Guardrails are designed to enforce strict security measures, safeguarding against potential vulnerabilities or risks associated with the use of AI models. This is especially crucial in industries and applications where data security and regulatory compliance are paramount.
Positioned at the apex of security and compliance, the OpenAI Guardrail Service operates within the GAP framework, functionally scrutinizing the inflow and outflow within the Large Language Models (LLMs). The service’s primary function is to safeguard the LLM environment by ensuring utmost adherence to safety protocol and guidelines.
Pre guardrails
Taking the form of preventative measures, pre guardrails initiate security and compliance assessments before any AI requests are processed. These checks specifically aim at the request body — the crux of data being dispatched to our LLMs. By serving as the first line of defense, the pre guardrails make certain the secure and responsible stewardship of your data.
Post guardrails
As the final bastion of our security and compliance infrastructure, the post guardrails confirm that LLM responses adhere to the highest standards of safety, quality, and compliance before they reach end-users. The duty of these post guardrails is not merely to evaluate, but, when deemed mandatory, to apply further checks and transformation to the response data, consequently ensuring both security and strict adherence to our guidelines.
Summary
As the tech sector widens it’s exploration of various generative AI models, companies are adopting these advanced technologies to enhance customer experiences and drive operational efficiencies. Expedia Group™️ stands front and center in this transformative trend, having reimagined its unified Machine Learning platform with integrated generative AI models, enabling agility across varied use-case scenarios.

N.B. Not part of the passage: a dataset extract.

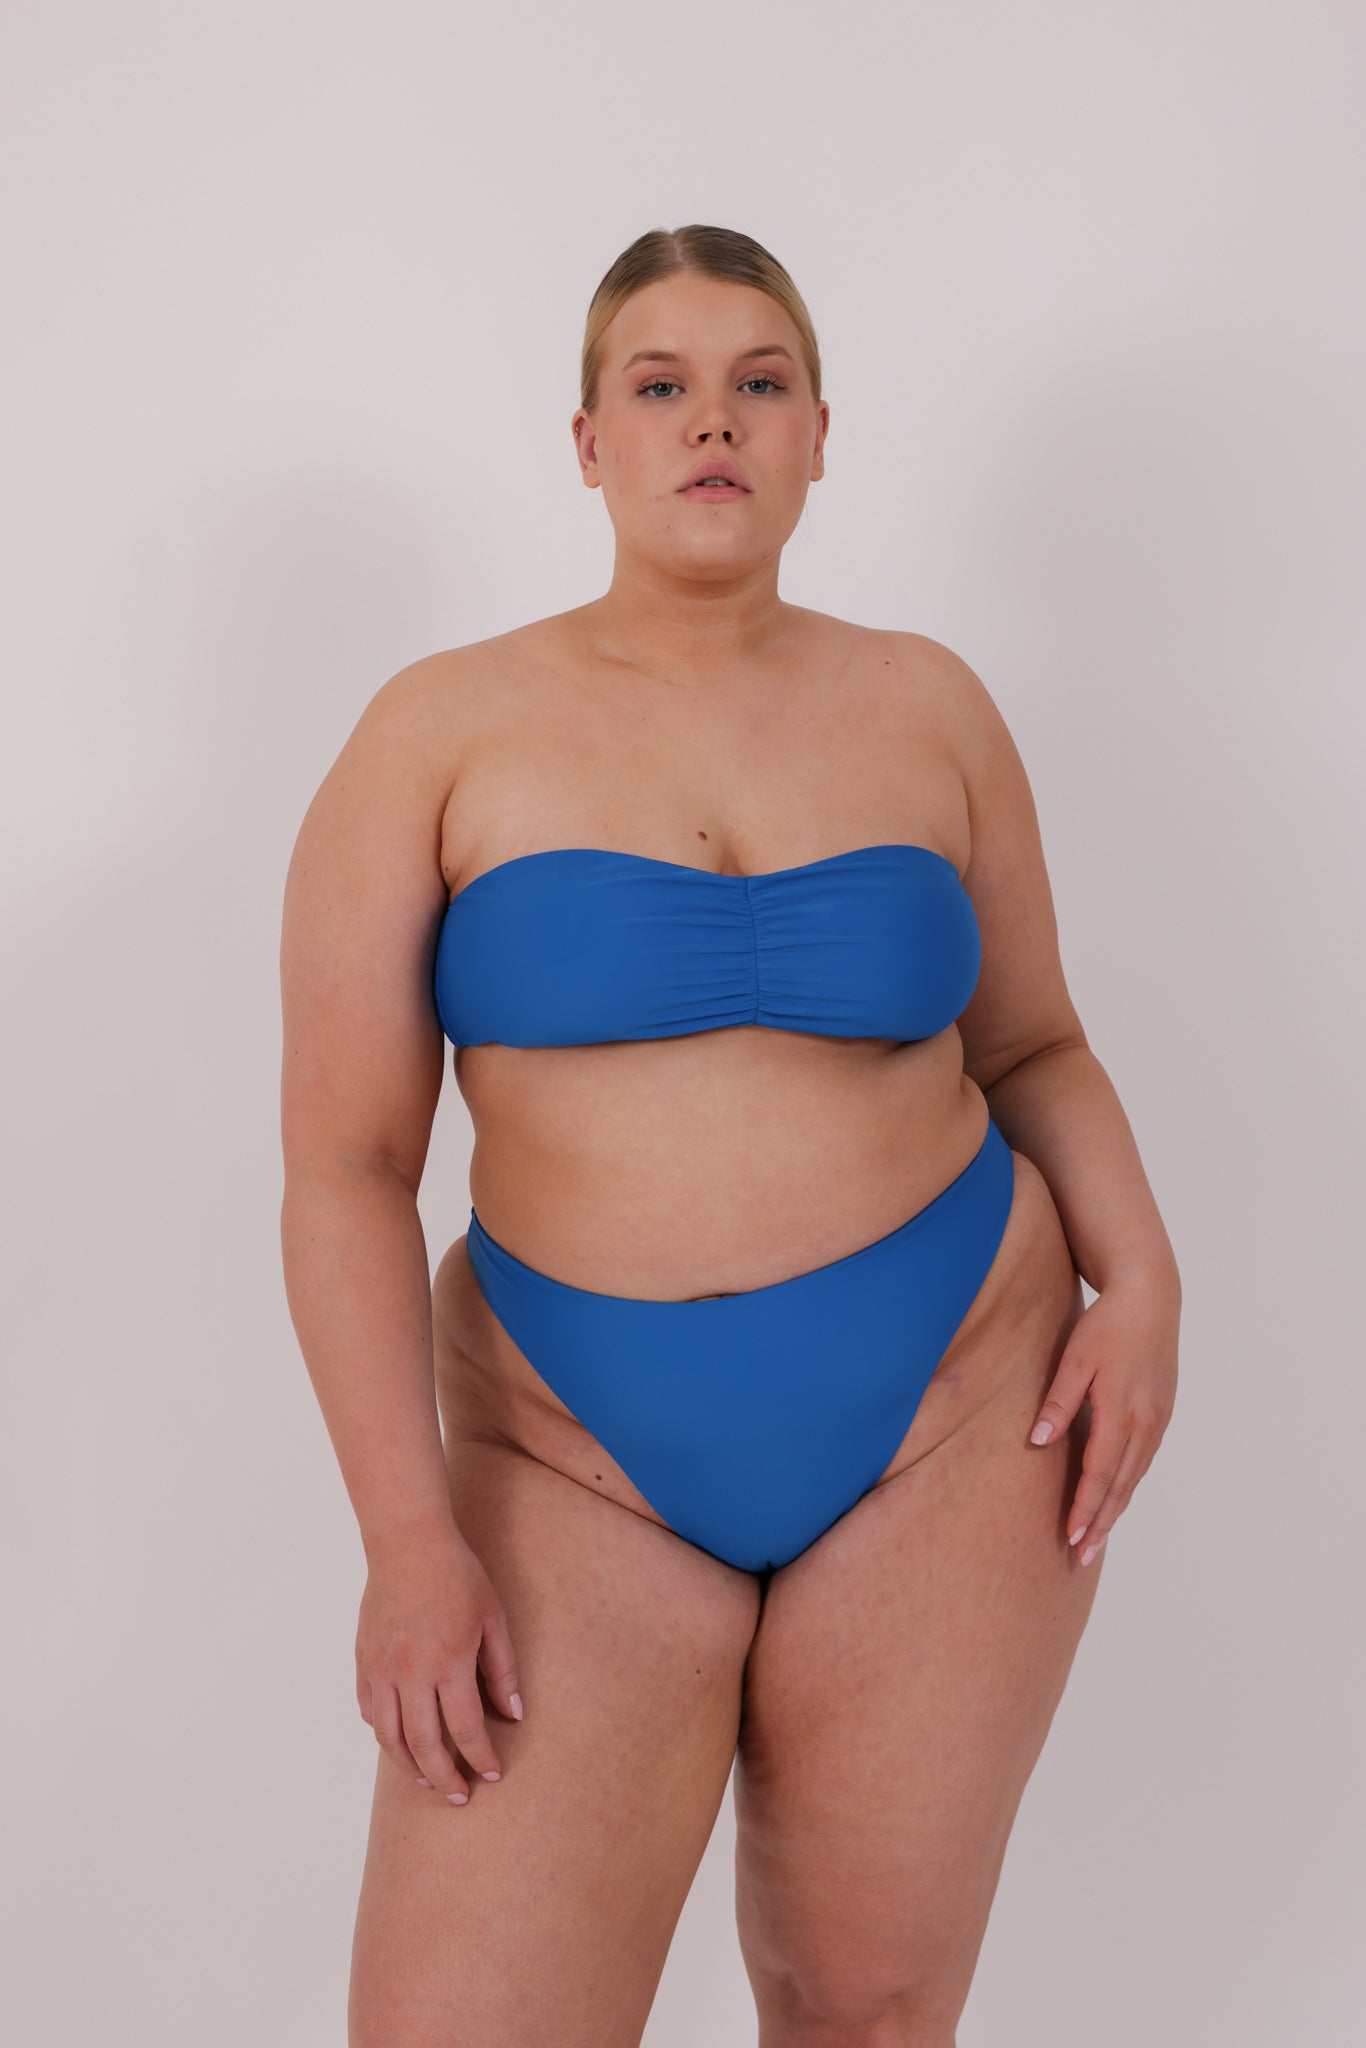 blue strapless bikini in model

In the expanding landscape of machine learning tools, several platforms have emerged that echo the similar functionality like MLflow Gateway. However, their capabilities remain nascent, focusing mostly on simplifying the deployment and oversight of large language models, along with the centralized management of API keys. These tools frequently overlook essential enterprise-grade features that many organizations require, including cost monitoring, rate limiting, and built-in authentication at the application level — features our platform offers inherently, ensuring ready-to-use, enterprise-level solutions.

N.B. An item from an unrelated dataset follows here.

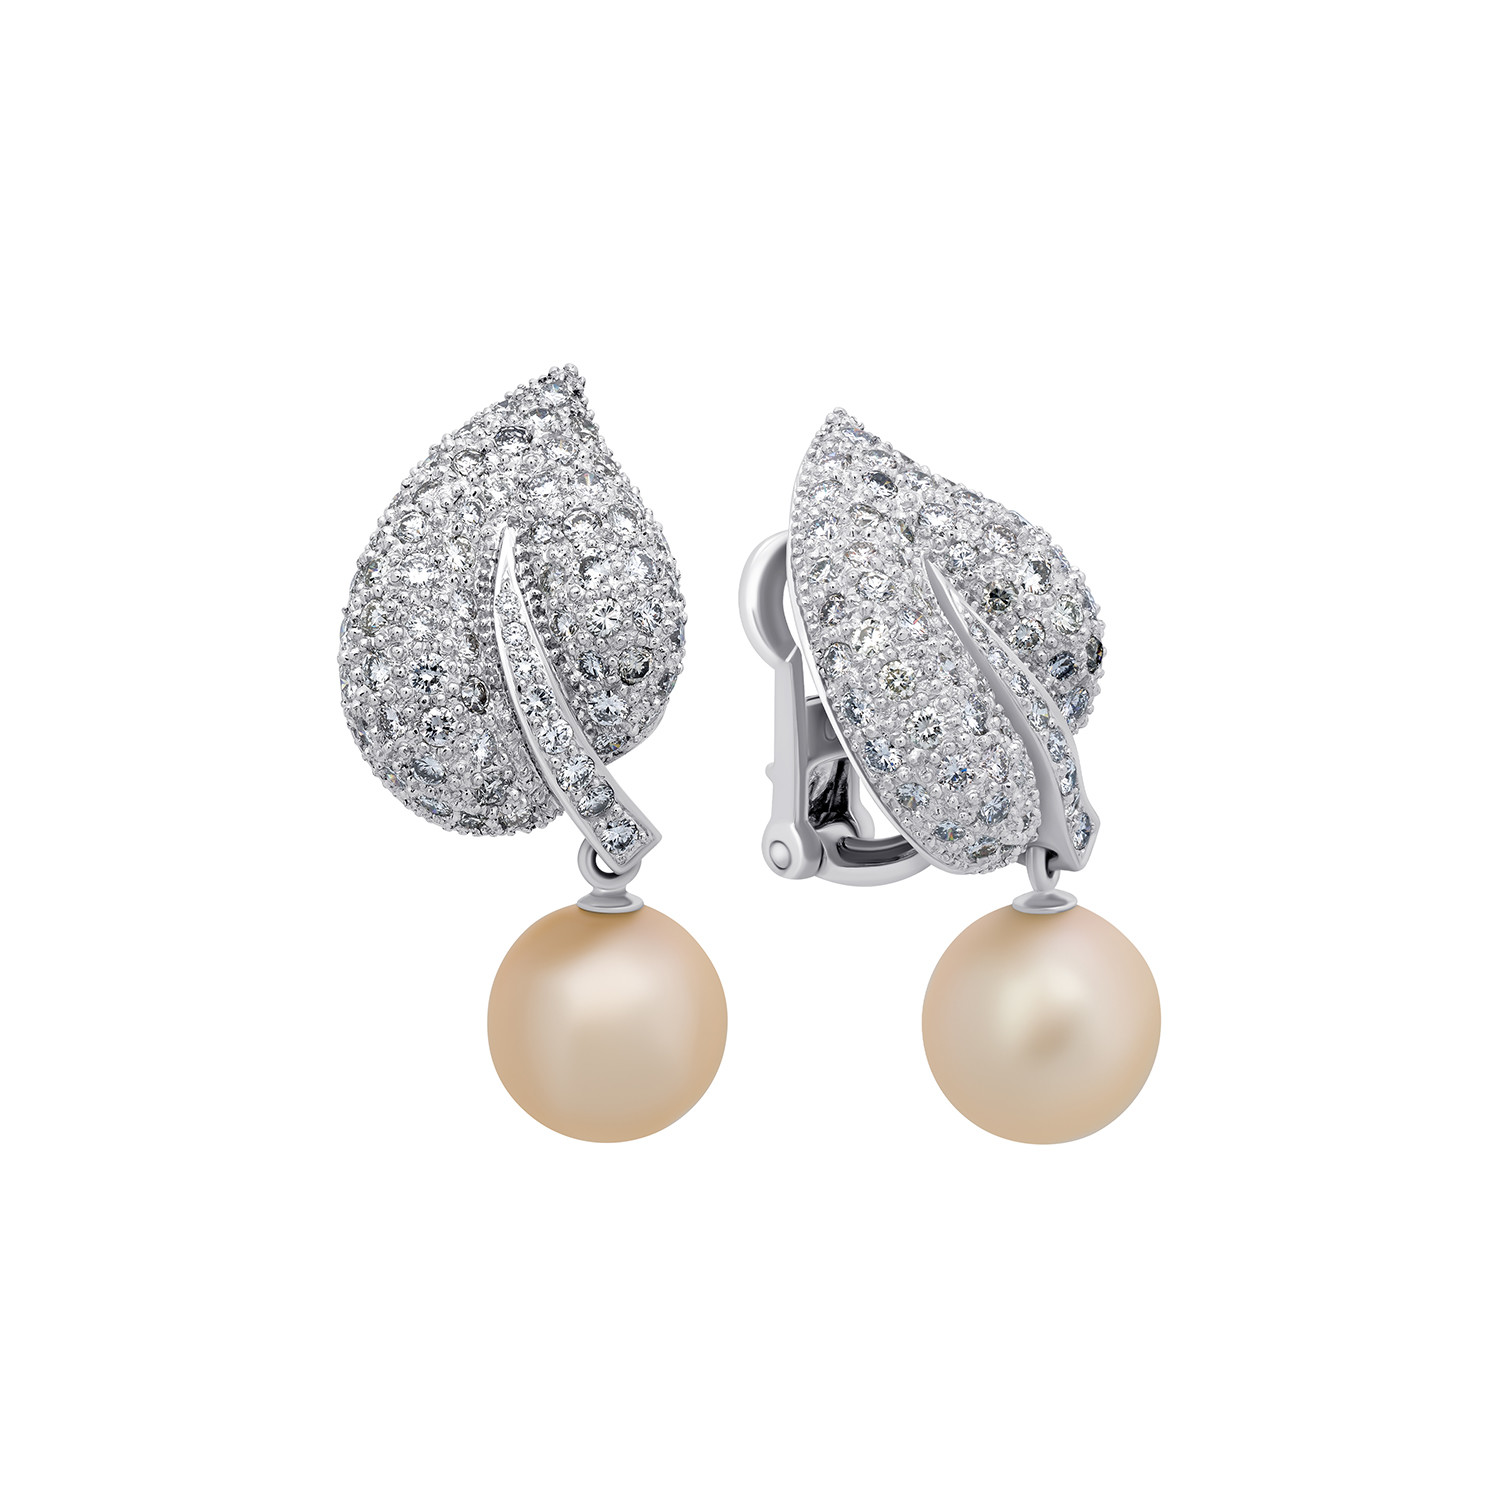 Assael 18k White Gold Diamond + Freshwater Pearl Earrings I - Signed ...

Central to this blog is a detailed discussion on the imperatives of building in-house capabilities. This was spurred by the perceived limitations of existing platforms such as OpenAI’s ChatGPT or Azure AI Service, particularly in controlling account usage across different applications and cost tracking.

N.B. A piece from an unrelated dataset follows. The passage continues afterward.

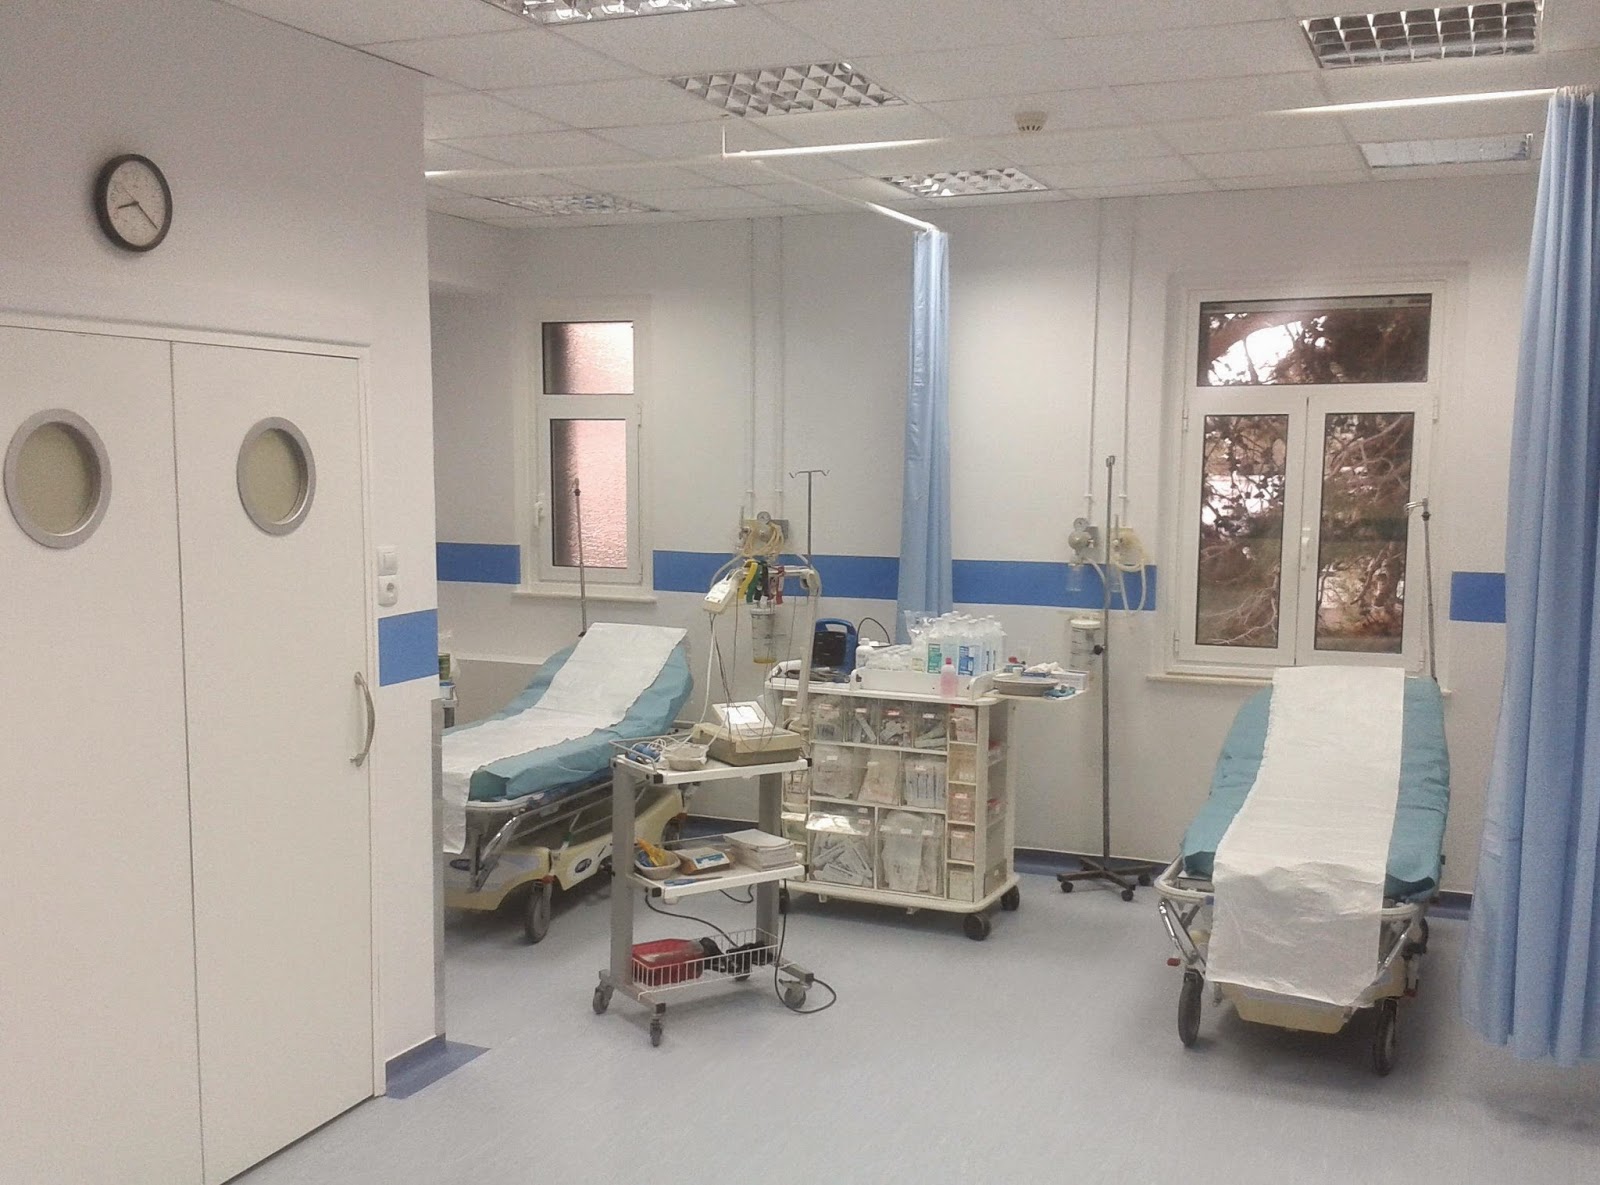 Σε λειτουργία ο νέος χώρος που θα στεγάσει τα επείγοντα περιστατικά του Νοσοκομείου Καρύστου

This blog post sheds light on the specific features required for seamless execution, including strong data protection, robust content filters and a streamlined authentication process. It also underscores the risks associated with vendor lock-in, reaffirming the necessity for flexibility and interoperability in technology adoption.
In a quest to bridge these gaps, we introduced the GenAI toolkit, encompassing the GenerativeAI Proxy and EG-Guardrail Service. This toolkit addresses the key challenges around security, compliance, guardrails, and gateway implementation for generative AI models, demonstrating our commitment to secure and responsible AI innovation.
We will keep extending the GenAI kit and capabilities of developed service as per technology trends. In particular, we plan to extend GAP to more external vendors than just OpenAI and Azure.